### REQUIRED WORK
Where the line containing "Halara PatitoffВ® 2.0" appears, begin retyping; continue exactly through the final line of the data. Omit every picture.

-------- GIVEN DATA

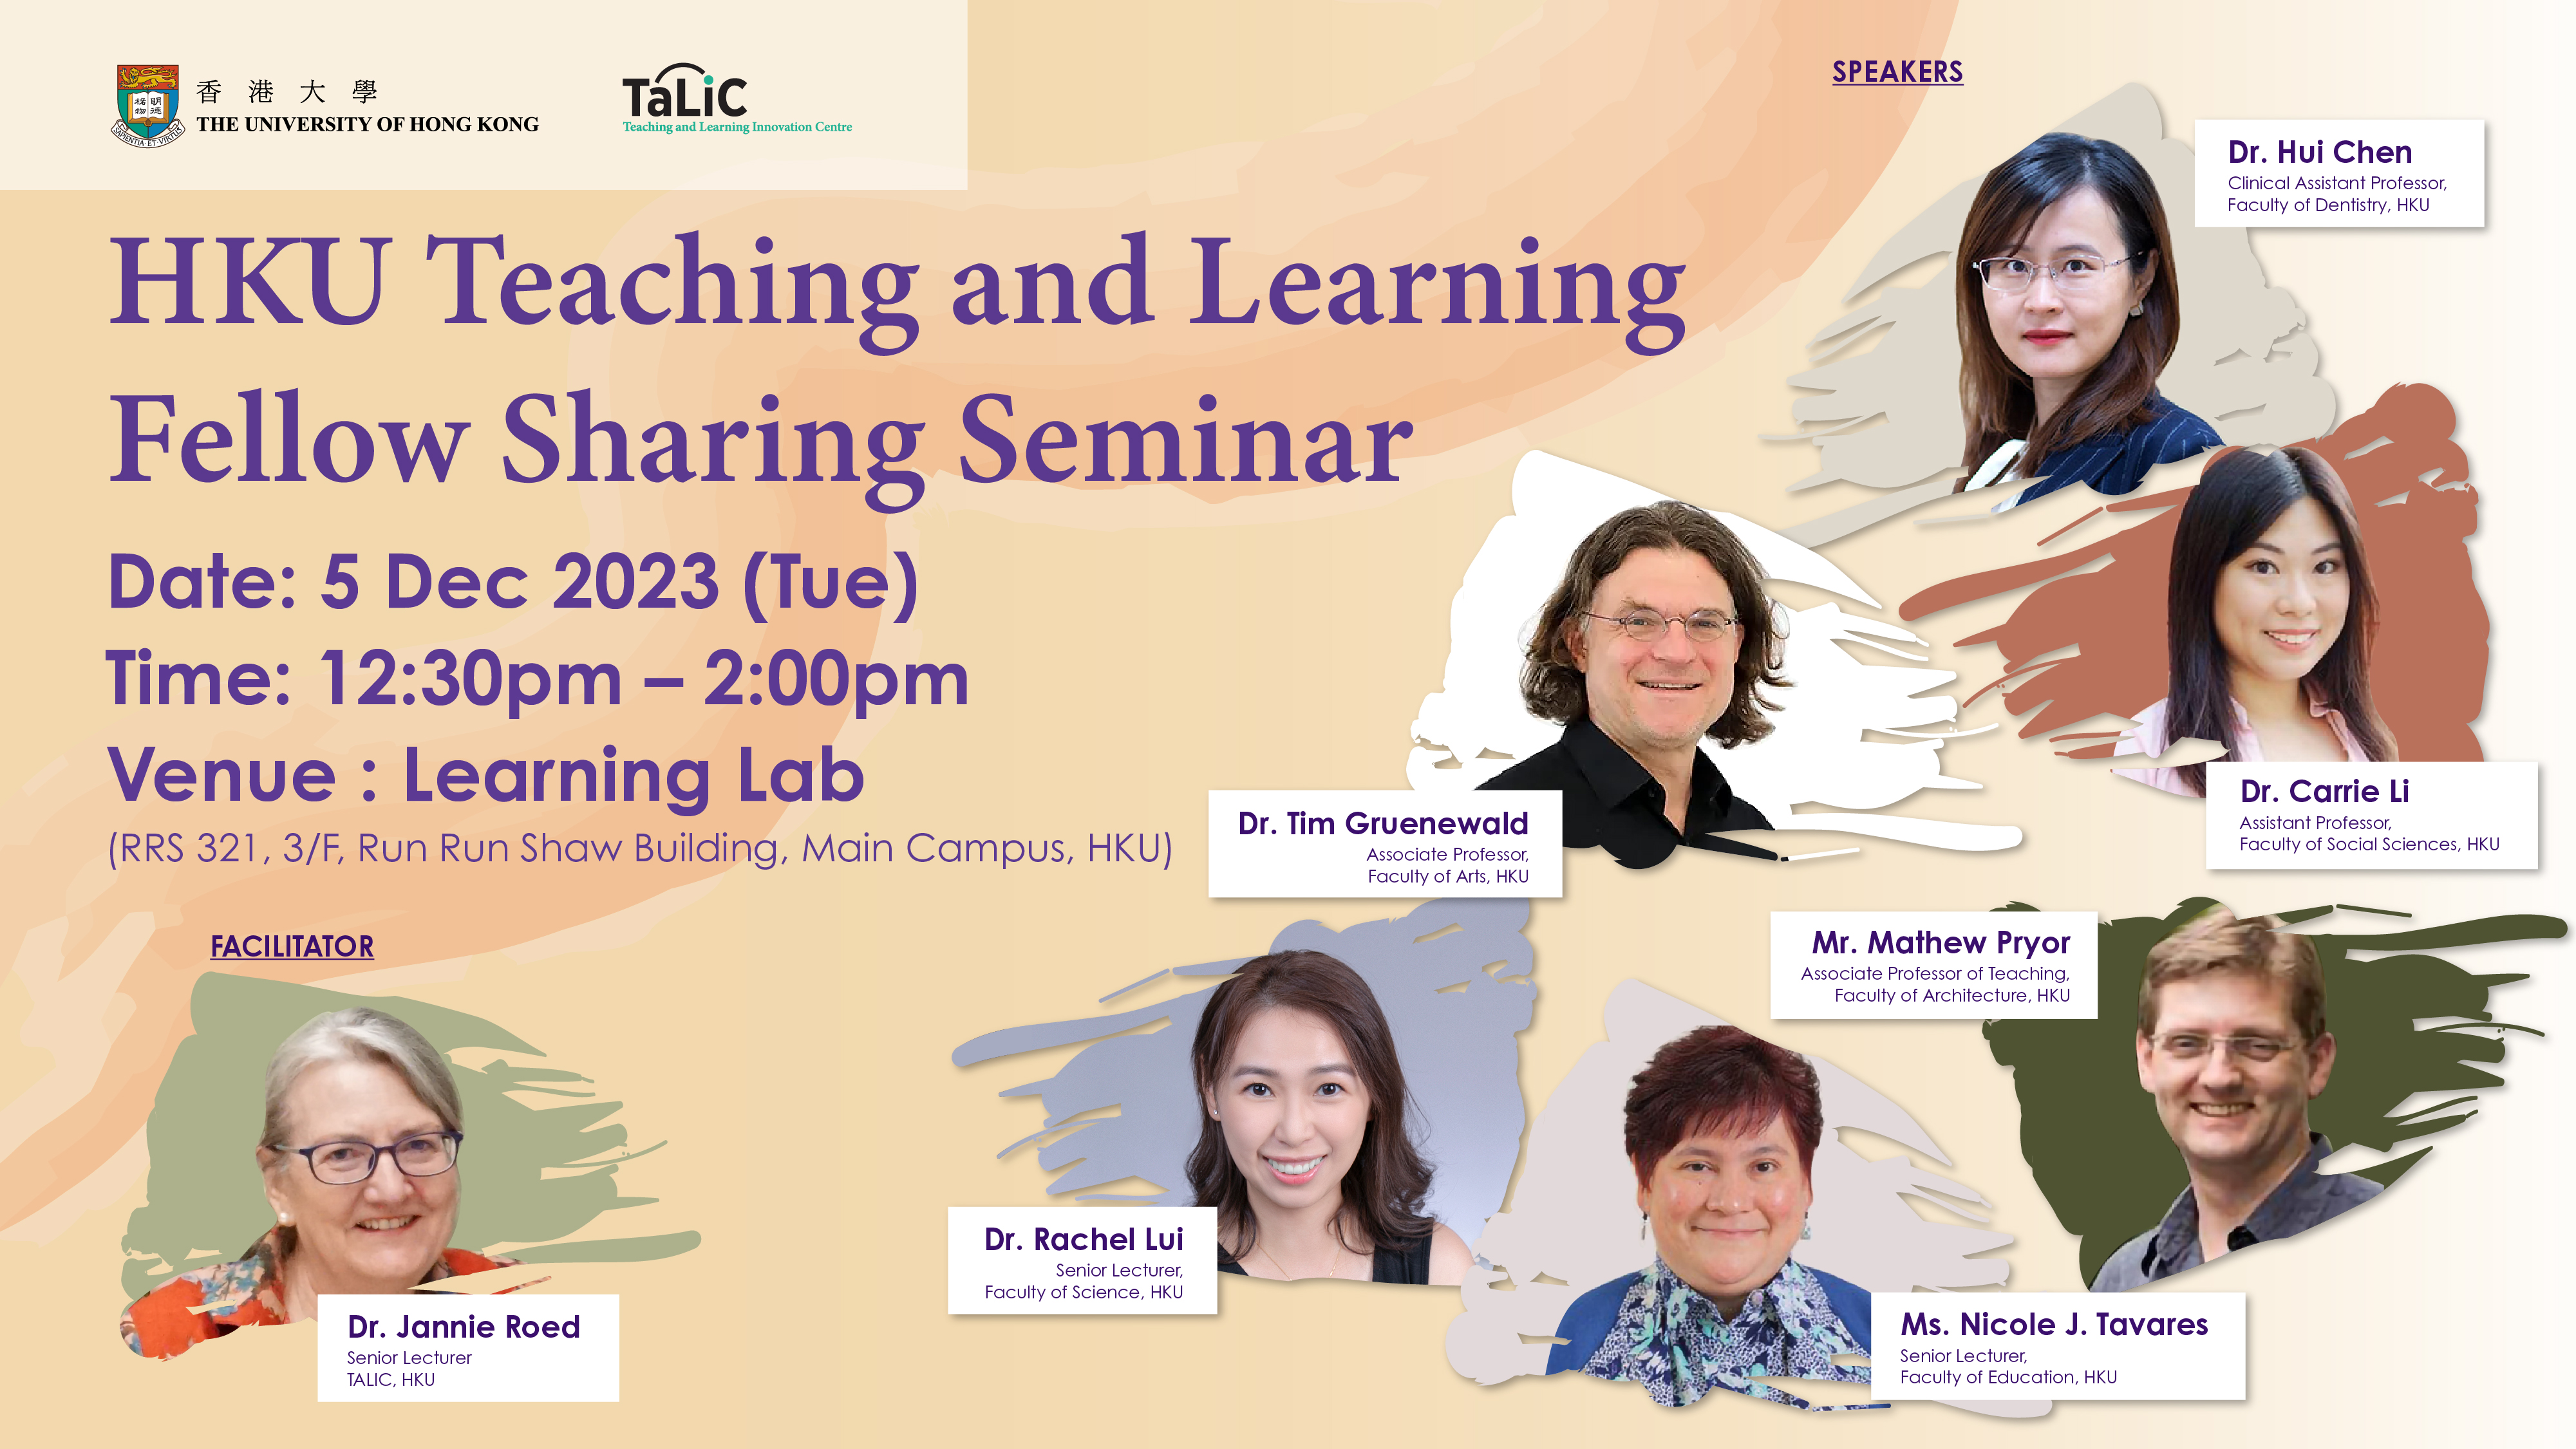 HKU Teaching and Learning Fellow Sharing Seminar
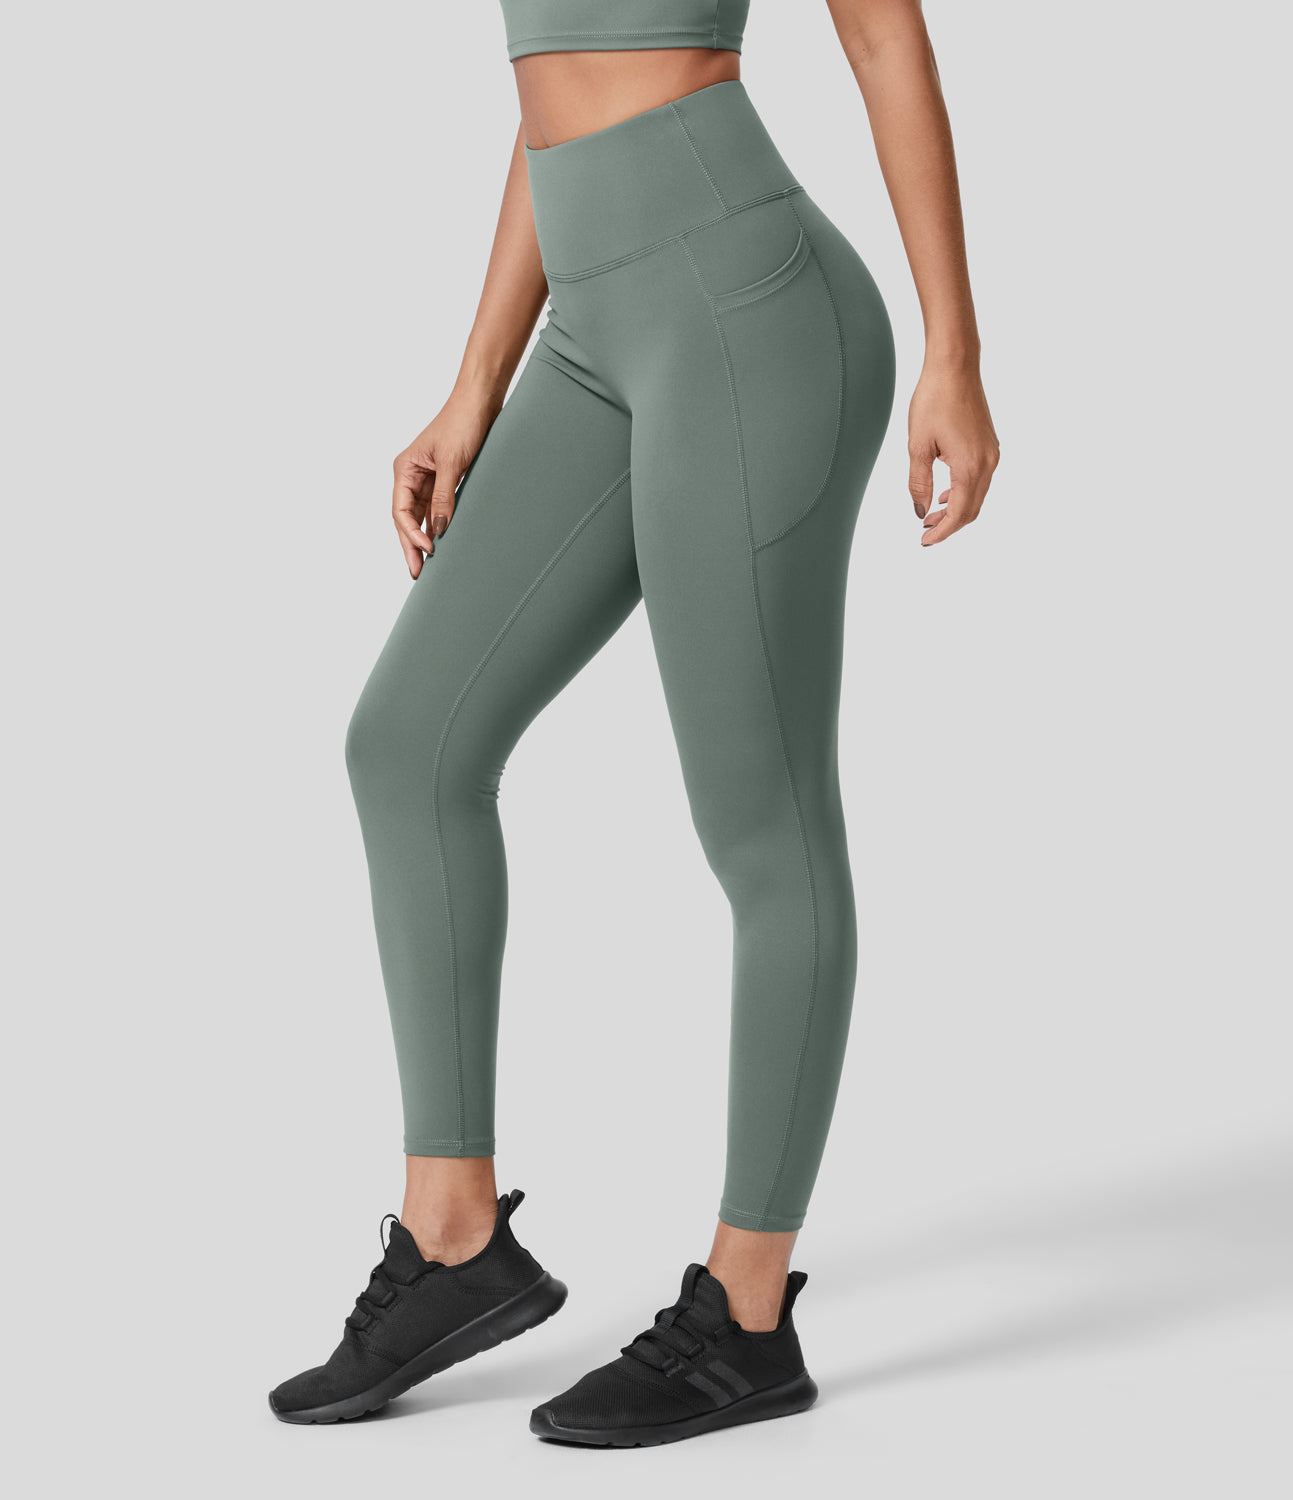 

Halara PatitoffВ® 2.0 Pet Hair Resistant High Waisted Side Pocket Yoga Leggings - Washington Gray Green -  gym leggings
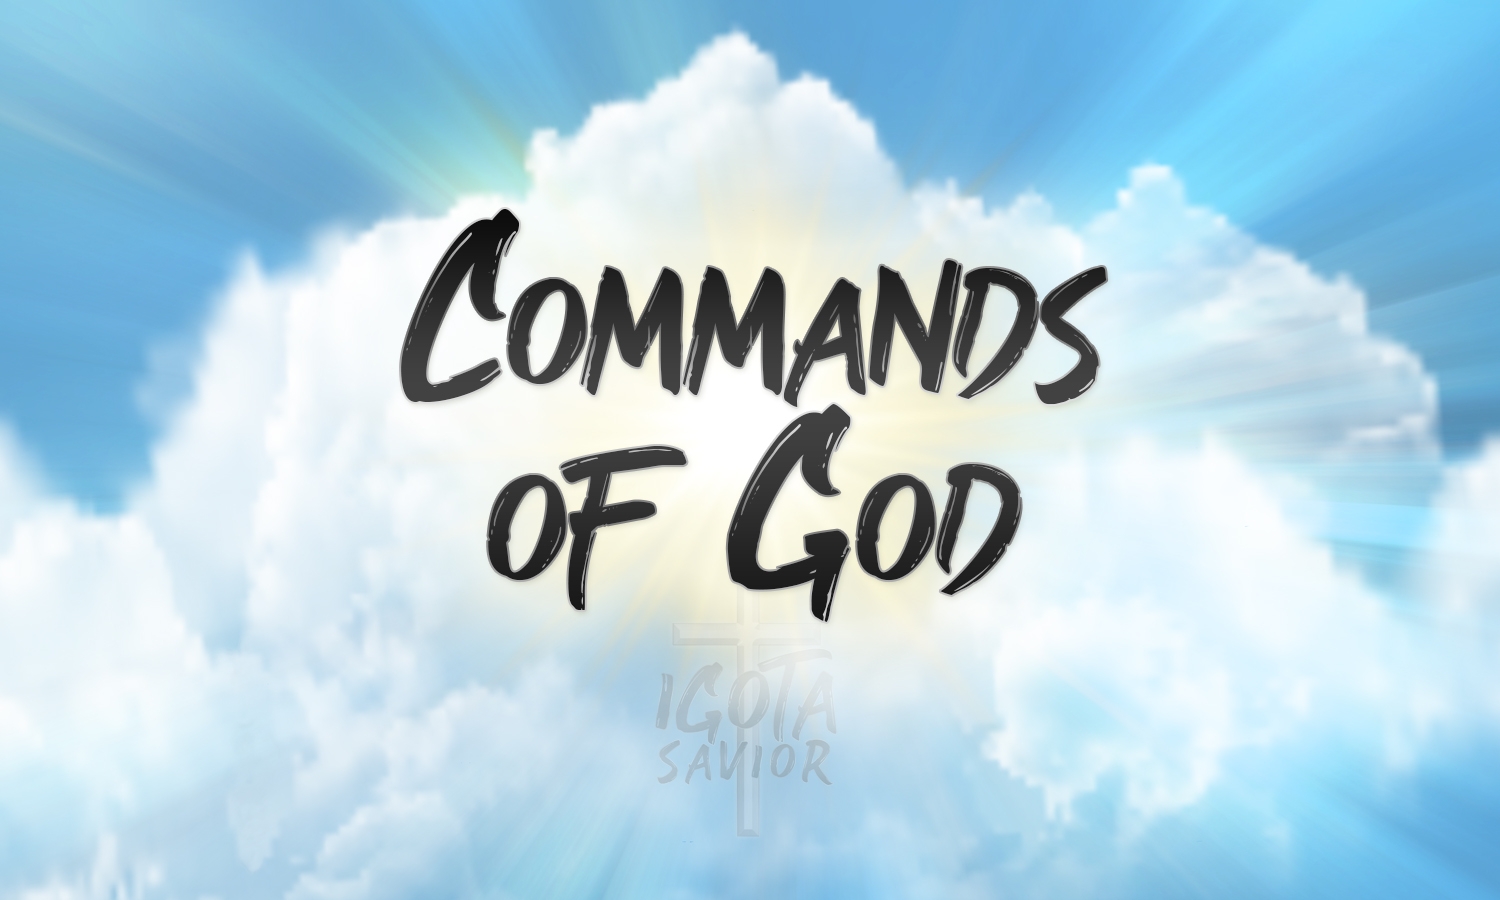 Commands of God
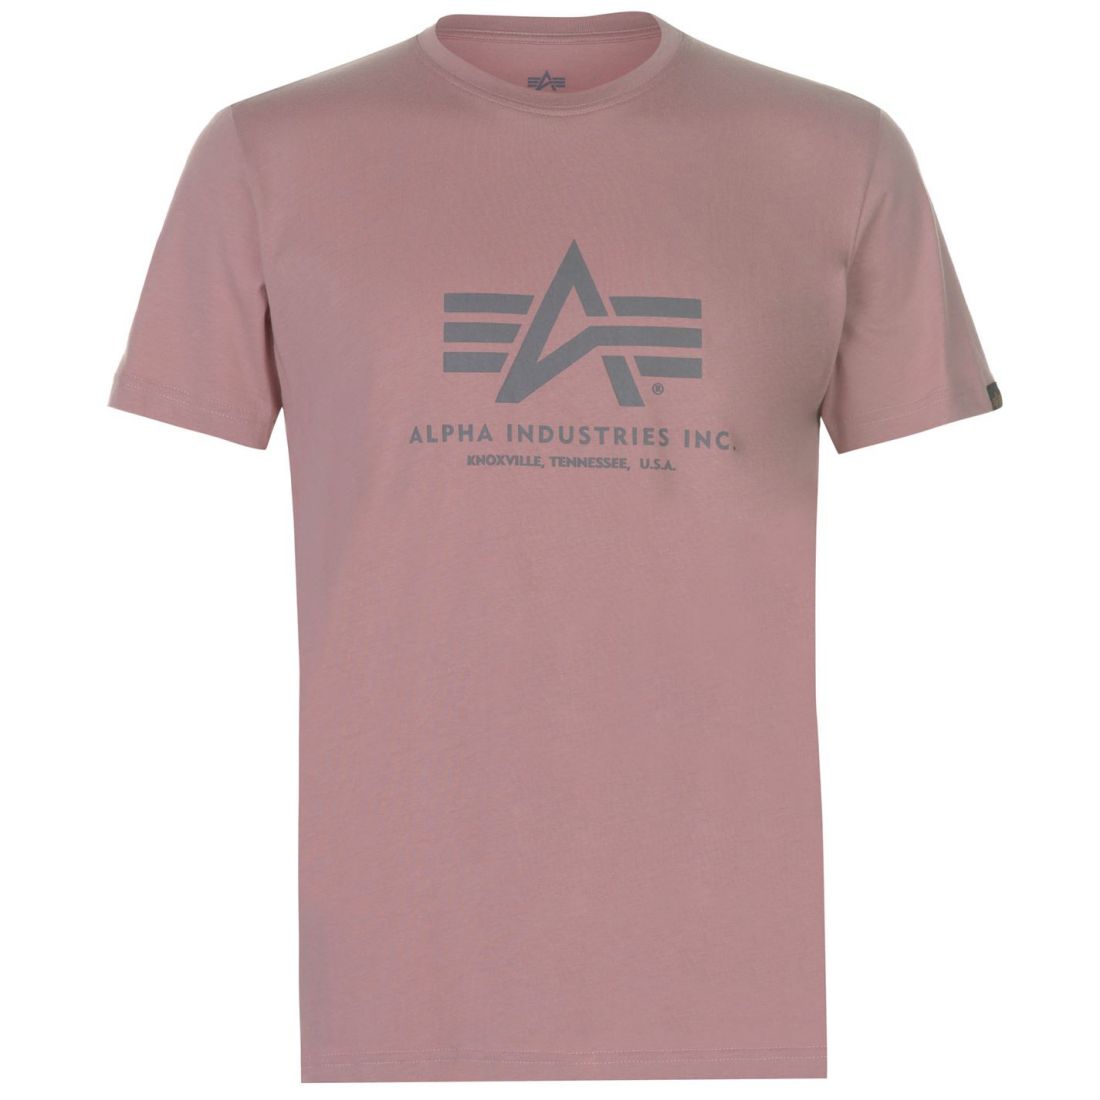 Mens Alpha Industries Basic Tee Crew Neck Shirt Short Sleeve New | eBay
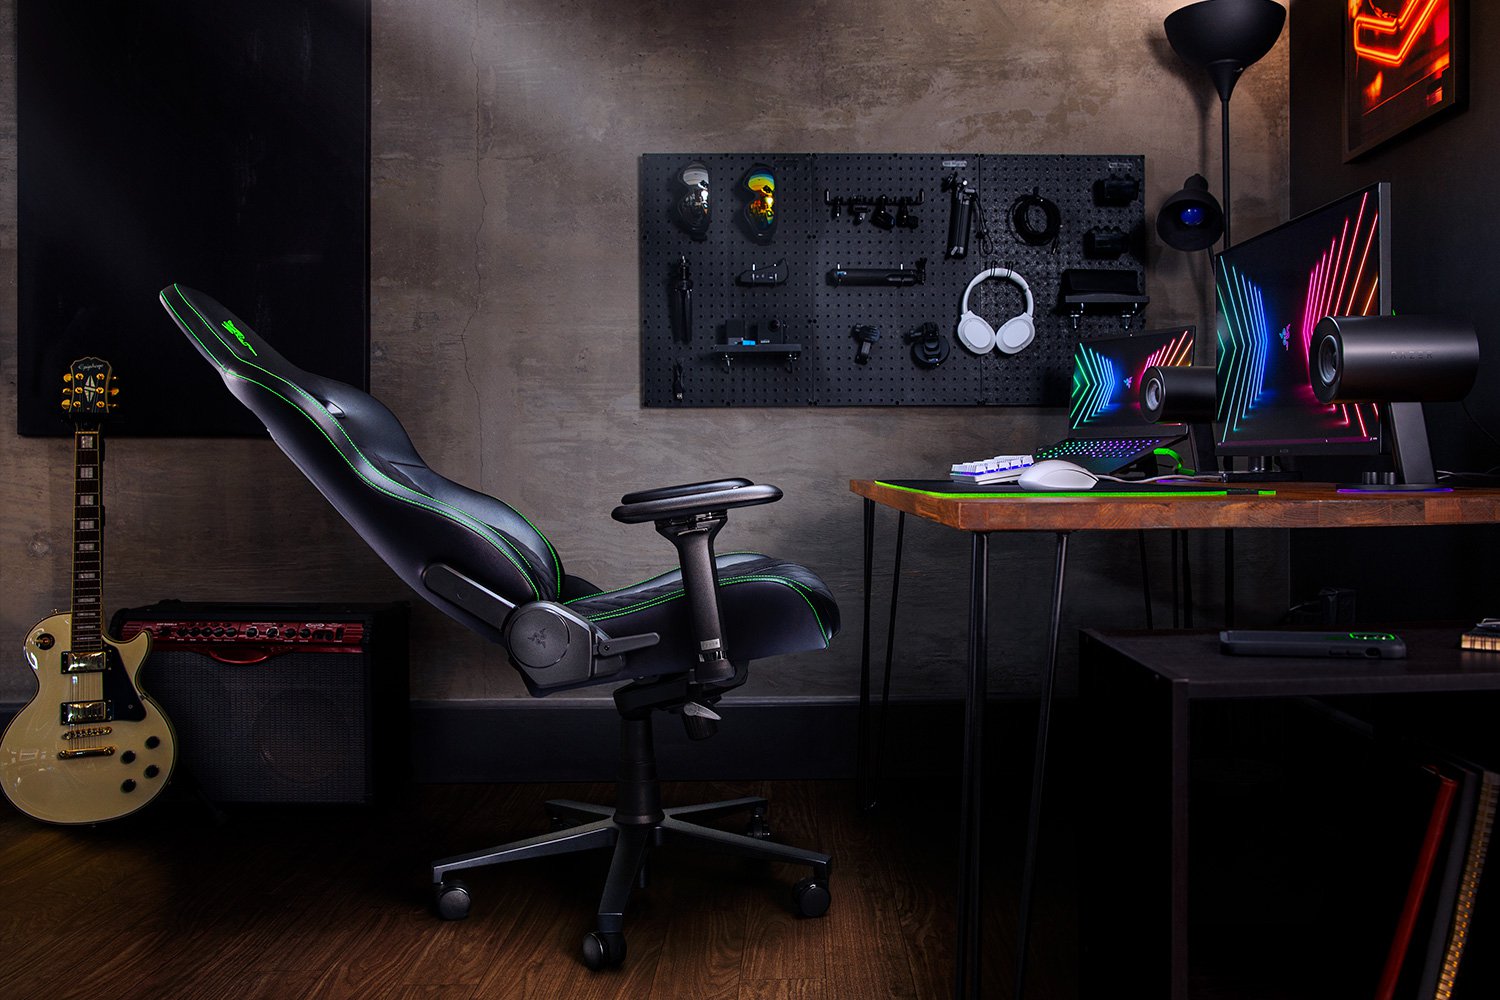 Razer Enki Gaming Chair, green

----------------

### EXERCISE RESPONSE
Halara PatitoffВ® 2.0 Pet Hair Resistant High Waisted Side Pocket Yoga Leggings - Washington Gray Green -  gym leggings
 Commands of God
 Mens Alpha Industries Basic Tee Crew Neck Shirt Short Sleeve New | eBay
 Razer Enki Gaming Chair, green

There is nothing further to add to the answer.